The following steps will be useful in graphing absolute value functions:
- Step 1: Before plotting any absolute value function, first, we must plot the absolute value parent function:
\(y=|x|\)
Let us take some random values for \(x\).
\(x=−3→y=|−3|=3→(−3,3)\)
\(x=−2→y=|−2|=2→(−2,2)\)
\(x=−1→y=|−1|=1→(−1,1)\)
\(x=0→y=|0|=0→(0,0)\)
\(x=1→y=|1|=1→(1,1)\)
\(x=2→y=|2|=2→(2,2)\)
\(x=3→y=|3|=3→(3,3)\)
If we plot these points on the graph sheet, we will get a graph as given below.

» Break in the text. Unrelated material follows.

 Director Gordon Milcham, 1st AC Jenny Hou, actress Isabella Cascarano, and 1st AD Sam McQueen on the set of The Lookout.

![](https://www.effortlessmath.com/wp-content/uploads/2023/03/Untitledx.png)
When we look at the above graph, clearly the vertex is \((0, 0)\).

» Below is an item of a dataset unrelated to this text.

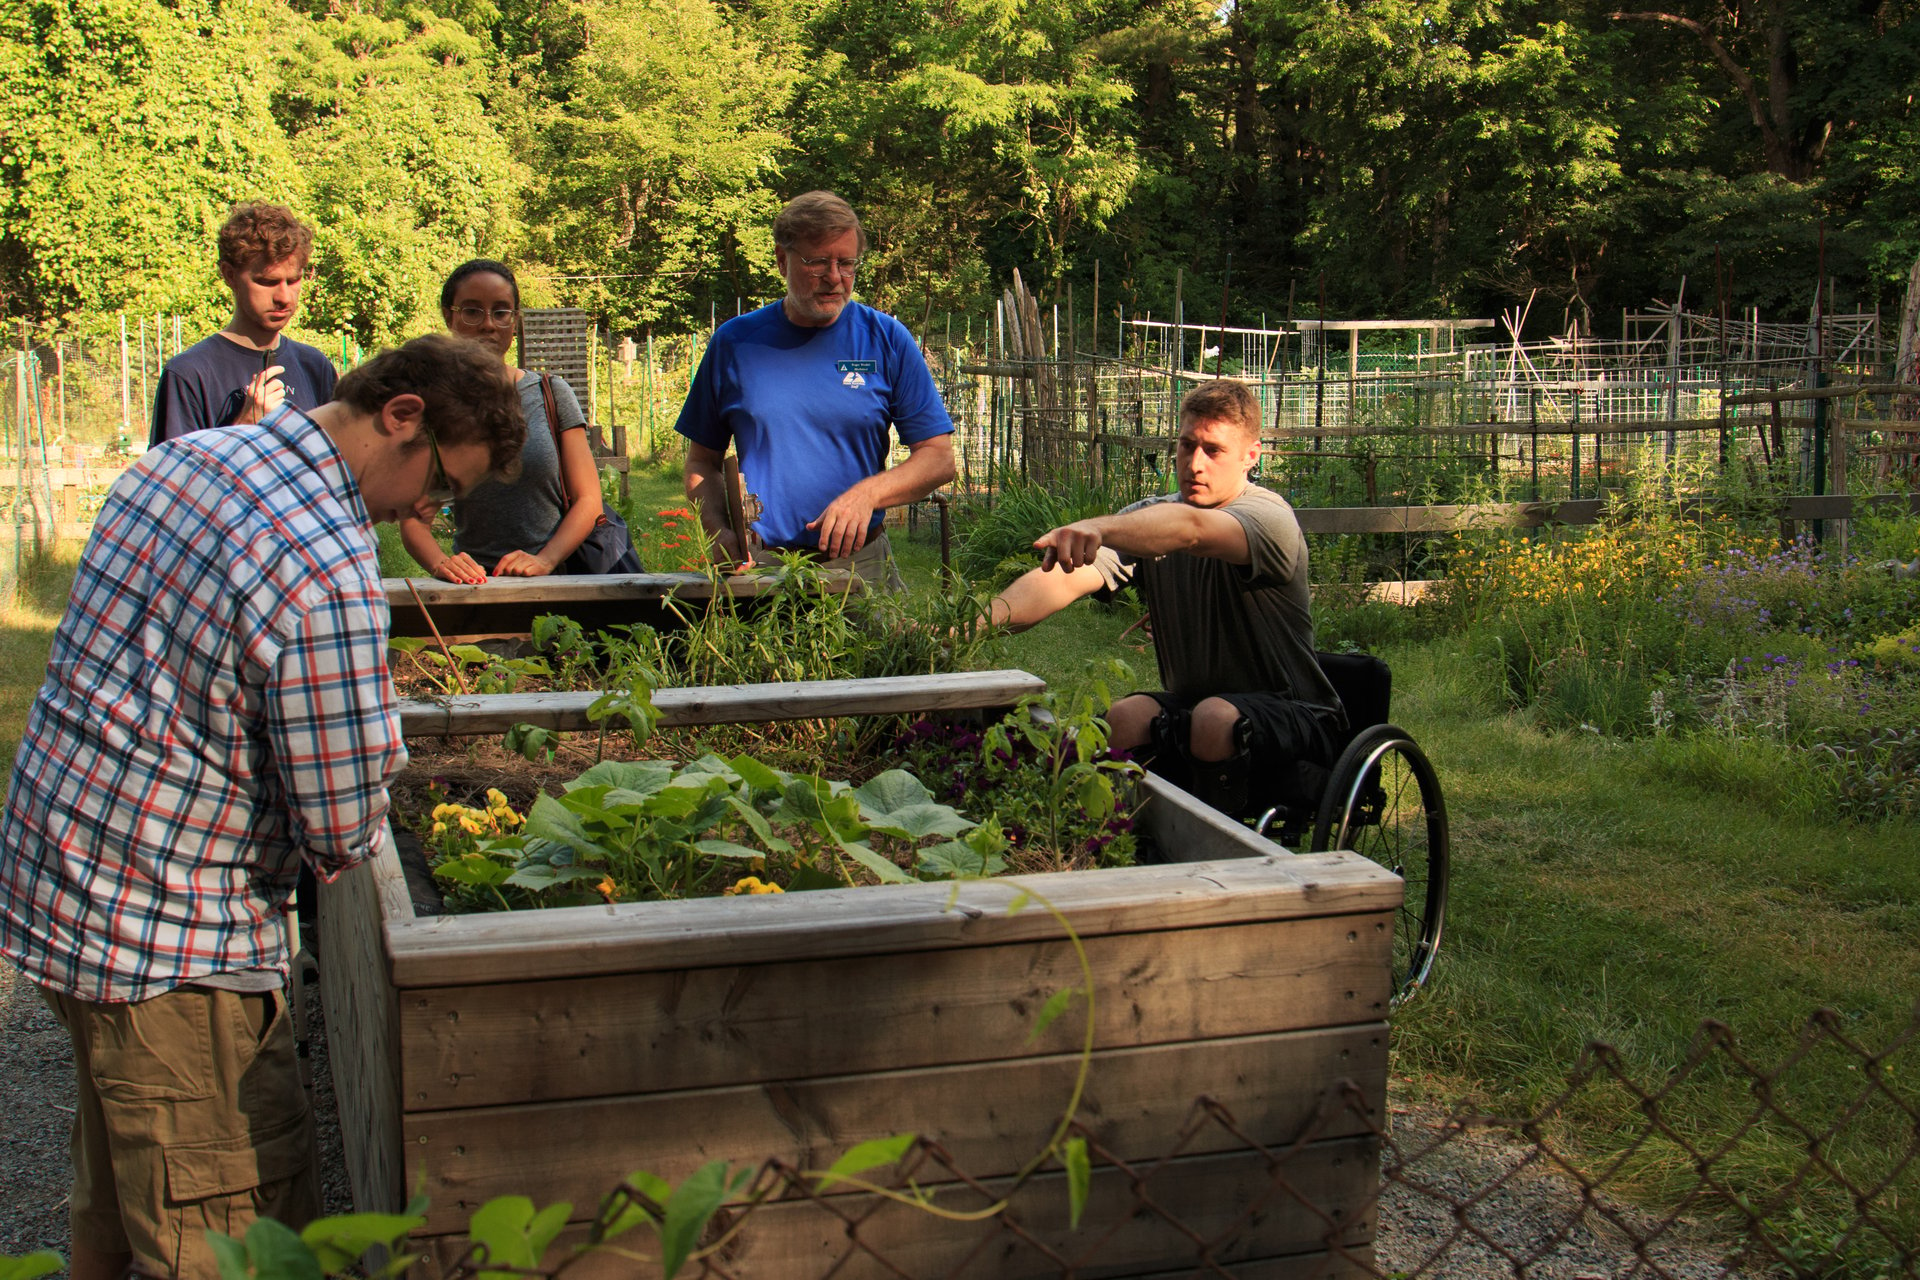 Four standing adults and one adult in a wheel chair working on a raised garden bed.

- Step 2: Write the given absolute value function as \(y−k=|x−h|\).
- Step 3: To get the vertex of the absolute value function above, equate \((x – h)\) and \((y – k)\) to zero, that is,
\(x−h=0\) and \(y−k=0\)
\(x=h\) and \(y=k\)
Therefore, the vertex is \((h, k)\).
- Step 4: According to the vertex, we have to shift the above graph.
Note: If we have negative signs in front of absolute signs, we have to flip the curve over.
Graphing Absolute Value Function – Example 1:
Graphing absolute value function \(y=|x−1|\).
Solution:
The given absolute value function is in the form: \(y−k=|x−h|\)
That is, \(y=|x−1|\)
To get the vertex, equate \((x – 1)\) and \(y\) to zero.
\(x-1=0\) and \(y=0\)
\(x=1\) and \(y=0\)
Therefore, the vertex is \((1,0)\).
So, the absolute value graph of the given function is:
![](https://www.effortlessmath.com/wp-content/uploads/2022/04/Untitled2-1.png)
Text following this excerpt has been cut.